The ROCE is negatively impacted by that Sdiptech is a relatively young company where it has not amortized its intangible assets to the same degree as peers with a longer history and also has not benefited by long-term organic growth for its business units. The numbers are further weighed down by the high acquisition tempo during the years before 2023. As Sdiptech has historically bought companies at a higher valuation multiple than its peers (when including contingent considerations), the return on invested capital has also been lower from the start - meaning it must drive higher organic growth to realise similar returns on capital as peers. It remains to be seen but Sdiptech seem to have become more prudent in terms of multiples it pays with the latest acquisition of JR Industries and also as it stated that it struggled with meeting sellers prices during 2023.
We believe investors should focus on the changes on ROCE on a group basis and also for the business units. Below are the comparables to peers which we update on a quarterly basis:
Return on Capital Employed (ROCE) | |||||
2019 | 2020 | 2021 | 2022 | 2023 | |
Lagercrantz | 17% | 17% | 20% | 22% | 21% |
Addtech | 21% | 15% | 20% | 22% | 22% |
Lifco | 20% | 20% | 23% | 23% | 23% |
Indutrade | 19% | 19% | 22% | 23% | 21% |
Volati | 14% | 14% | 20% | 22% | 18% |
Sdiptech | 13% | 12% | 10% | 12% | 13% |
Source: Redeye Research, Company reports (not adjusted for different calculation methods) |
Sdiptech announced on 9th of November that Susanna Zethelius will become the new CFO. Zethelius most recently served as CFO at the listed company Pricer. Before joining Pricer she has experience from being the CFO for Clear Channel in Scandinavia. She also has experience in management consulting and banking. Zethelius holds a MSc in Finance from the Stockholm School of Economics.
Sales have now increased steadily since 2018 while the gross margins are more or less flat. Sdiptech has exited its service businesses with large operating expenses and has replaced them with product businesses with low operating expenses which can be seen in the EBITA graph.
Source: Sdiptech
Source: Sdiptech
As seen below, both business areas have been growing steadily since 2019.
Source: Sdiptech
The segment was weak in Q4 2022 driven by component shortages and soft performance within the largest business unit, Rolec. Organic growth for the group in Q4 2022 was 2.1% but 9.6% excluding Rolec. In this quarter, as in the latest quarter, most of the business units, including Rolec, showed strong figures, and the segment beat our expectations on both sales and EBITA. Sales increased by 49% and the organic sales growth excluding Rolec was 18%, and 20% including Rolec. The EBITA margin increased from 18.7% to 22.6%, which is a solid figure for the segment.

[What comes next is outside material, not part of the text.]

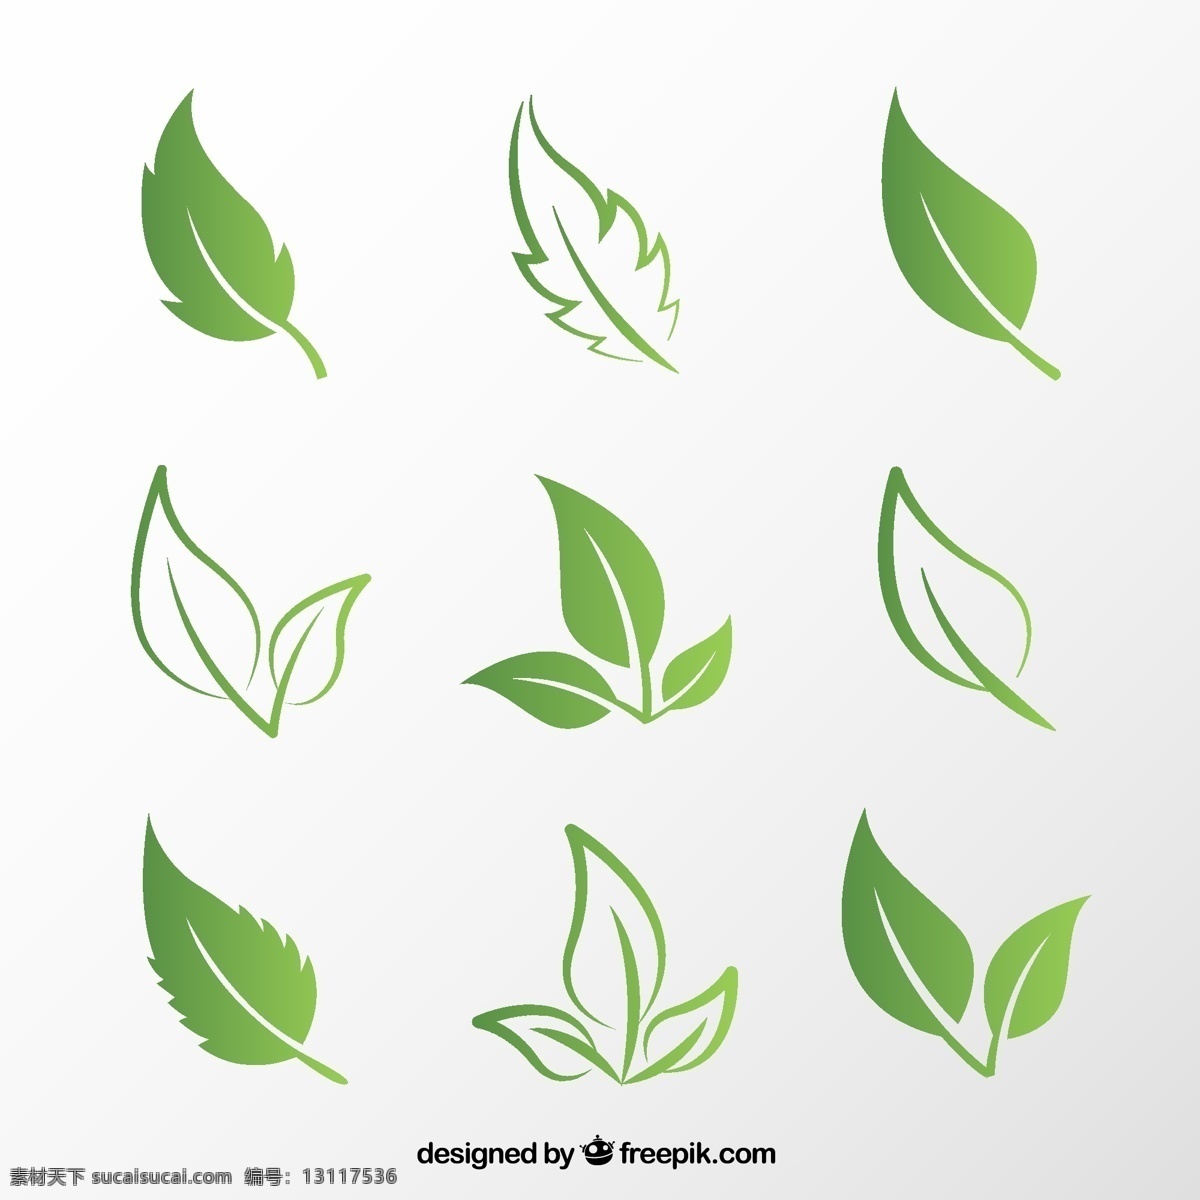 款 创意 绿叶 矢量 绿叶设计 矢量素材下载 植物 树叶 叶子 矢量图 ai格式 标志图标 其他图标 白色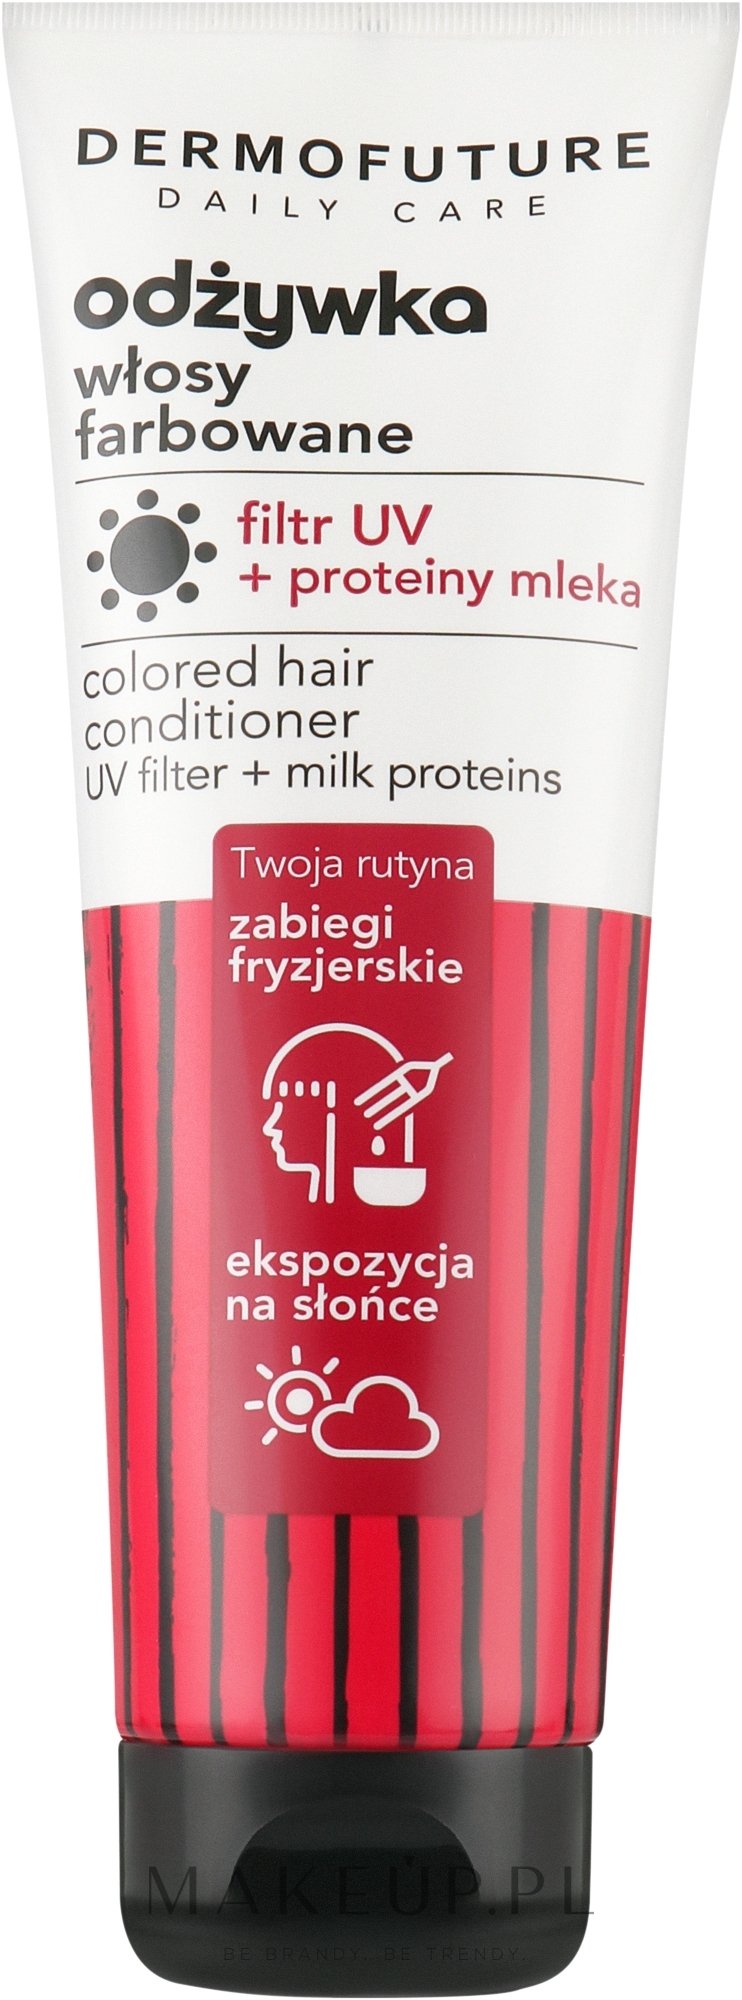 odżywka do włosów farbowanych z filtrami uv spray

While the segment performed well in the quarter we also think that one of the main reasons for the large sell off in the Sdiptech share on the reporting day was due to concerns around the near term development for Rolec, which is the largest business unit in terms of profits for the group. Sdiptech mentioned that sales of EV cars in the UK was weaker in the second half of 2023 which is likely to impact Rolec negatively as this is a key driver for sales of EV chargers. Our view is however that Rolec will continue to perform solid figures in the year ahead and don't see a repetitition of 2022 where results slumped due to reasons such as Government regulations, component shortages and that the company moved its production from China to the UK.
Source: Sdiptech
Special Infrastructure Solutions beat our expectations on sales, where several of the larger business units delivered solid organic growth. EBITA margins disappointed where the company mentions its exposure to new construction as a drag and also that the lower margin businesses performed better than the high margin companies leading to a negative sales mix. Sdiptech also mentioned in the conference call that it's two units that are active in the construction market had negative profit margins in the quarter. Strong development was seen within the group's business units offering attachments for forklift trucks, solutions for transport refrigeration, products and services for railway maintenance and solutions for case management of insurance claims. Sales increased by 28% and EBITA increased by 7% in the segment.
Source: Sdiptech
Sdiptech clearly slowed-down its acquisition pace in 2023 after a few years of strong acquisition-driven growth. We think this was a prudent move by the company as interest rates have increased heavily while the share price of Sdiptech has suffered, meaning it makes less sense to issue shares. The company acquired an EBITA of cSEK50m during 2023. Already in 2024 it has completed one acquisition of JR Industries with an EBITA of cSEK60m. Sdiptech has a target to acquire SEK120m to SEK150m in EBITA per year and expect to meet the target in 2024, but likely at the lower end. The CEO continued to state that price expectations in the market are a bit too high in the current interest rate environment but that they are continuously speaking to great entrepreneurs and have a strong pipeline of targets. Notably the dialogue with JR Industries has been ongoing since 2019.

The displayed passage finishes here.